Stingray Digital cries foul on CRTC’s proposed skinny basic

Company head Eric Boyko told the regulator during Thursday's Let's Talk TV hearing that its Galaxy audio service could sink if the new proposed package goes through.

Music services provider Stingray Digital on Thursday told the CRTC that its Galaxy offering will be unable to swim in the Canadian TV market, and may likely sink, if it’s left out of any mandated basic cable package to emerge from its Let’s Talk TV hearing.

“It would be sad indeed if Galaxy…became a collateral victim of this new regulatory framework,” Stingray president and CEO Eric Boyko told the CRTC panel.

Galaxy doesn’t have mandatory carriage now, but the digital audio and music service is available to Canadian cable and satellite TV subscribers on a free, on-demand basis via carriage deals negotiated with major carriers.

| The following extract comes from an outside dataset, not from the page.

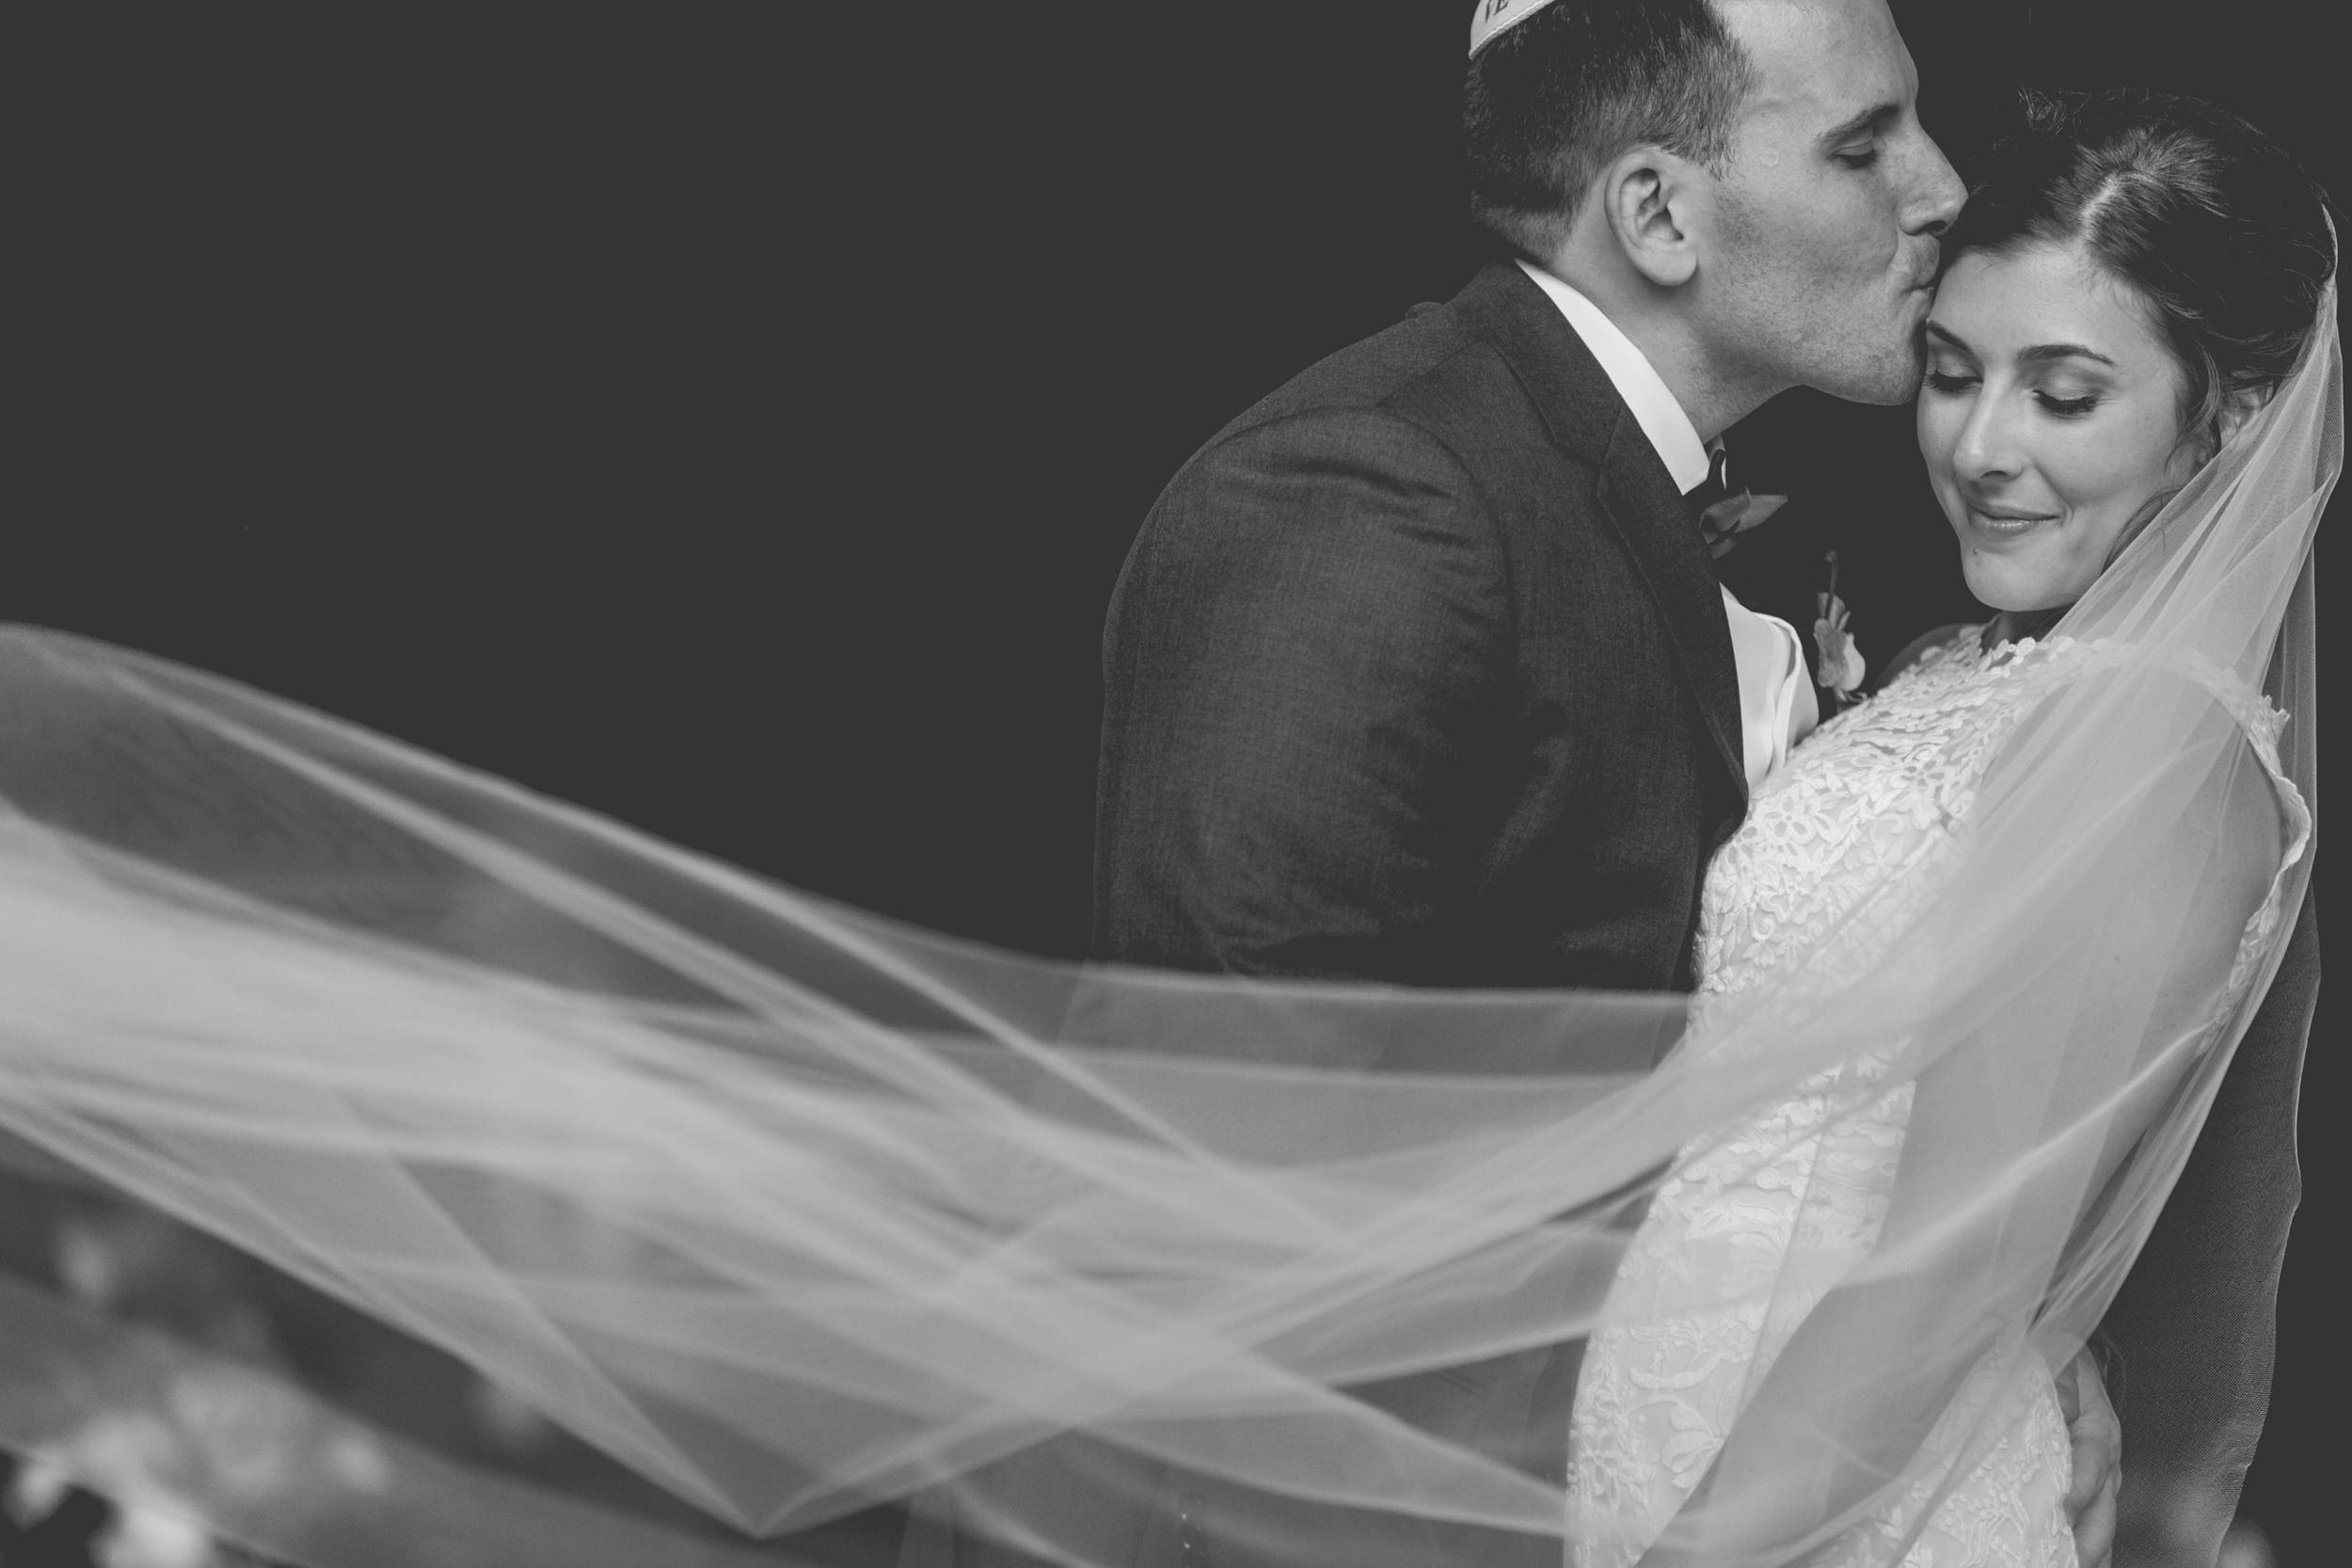 wedding-photography-dark-moody-rustic-details-13.jpg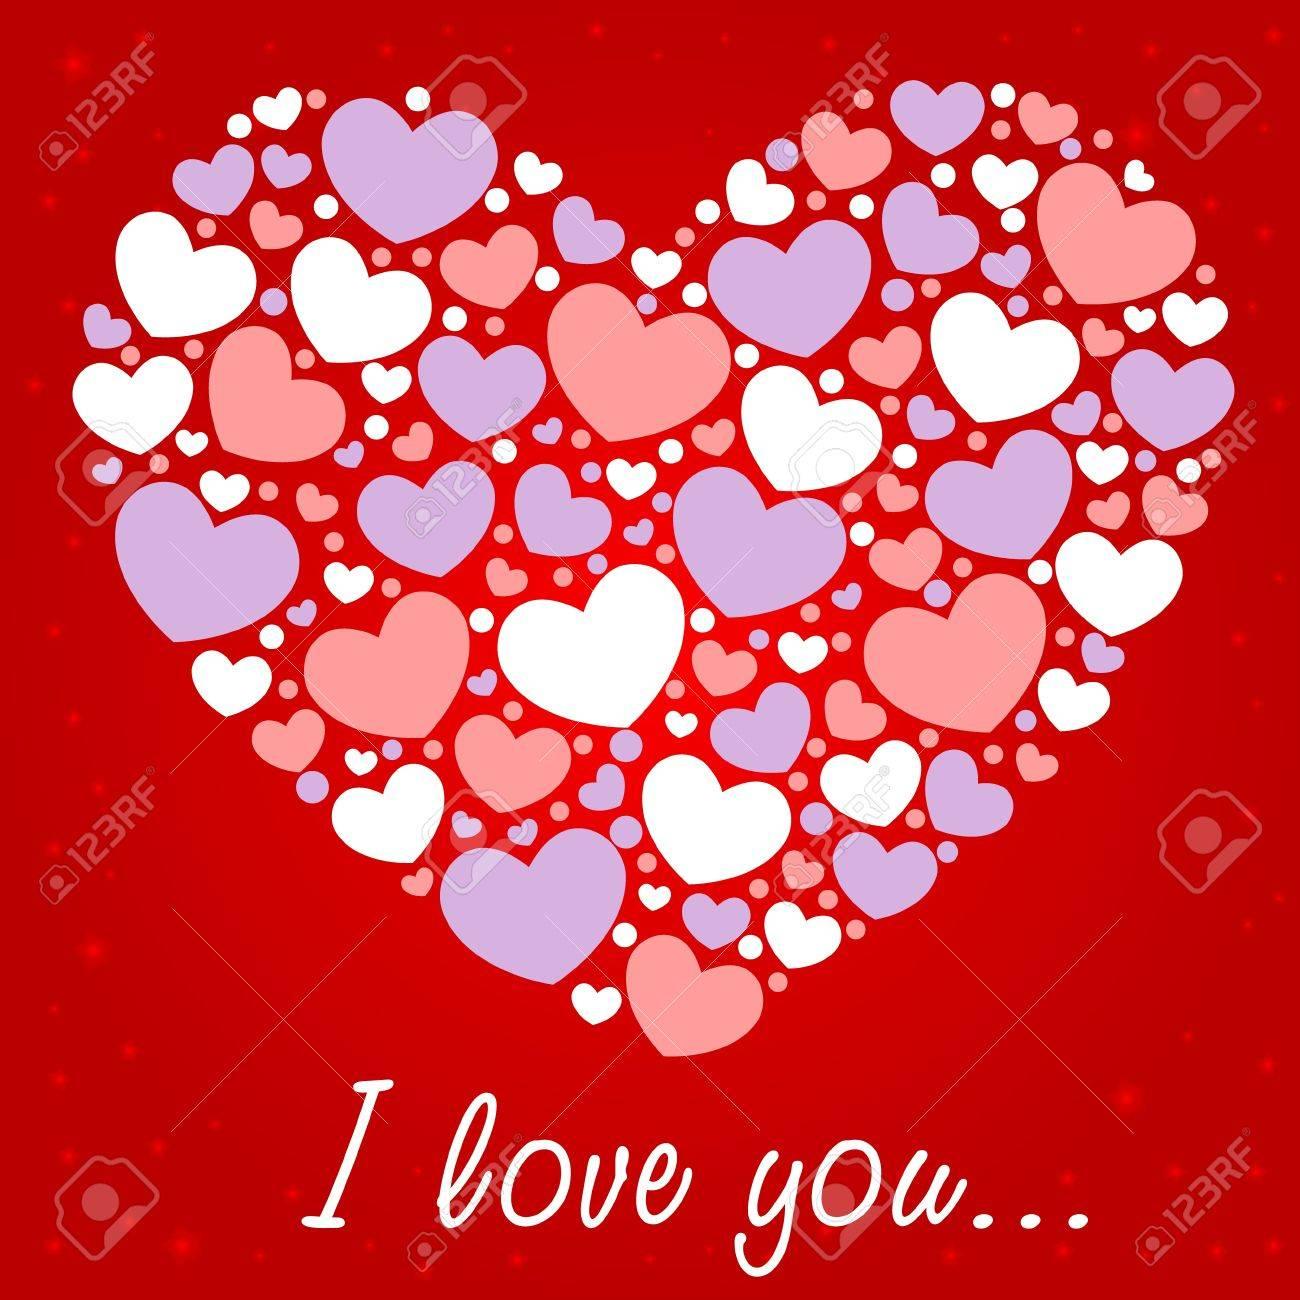 Cute Valentine love congratulation card with border of hearts Stock Vector - 11941497

As with other Canadian specialty services, the Galaxy business model hinges on wide distribution, Stingray told the CRTC.

As an independent supplier of audio content, unaffiliated with a major carrier, Galaxy needs to be packaged with TV channels as part of a basic cable service to continue in business.

So Stingray asked the CRTC for a directive to compel carriers to continue offering the Galaxy service for the duration of current carriage agreements, mostly to run to 2022, if it is left out of any so-called skinny basic cable package.

That scenario is likely as the major carriers during the current Let’s Talk TV hearing have gotten behind a smaller basic cable package with only Canadian services, rather than a larger basic cable package being considered by the CRTC that would be price-capped.

If carriers decided against carrying Galaxy, the audio service would not last long as an a la carte offering, Boyko told the CRTC commissioners.

He pointed to The Netherlands where the music and music video service was offered for $6 a month. After a six-month free preview period, less than 1% of previous subscribers kept the pay audio service.

Stingray would also be in hot water with its bankers as it has leveraged current carriage agreements to finance international acquisitions to amortize its fixed costs and grow overseas.

Boyko said debt holders would be impacted if the Galaxy service lost Canadian subscription revenue by being excluded from bundled cable and satellite TV packages as part of any CRTC introduction of a basic cable package.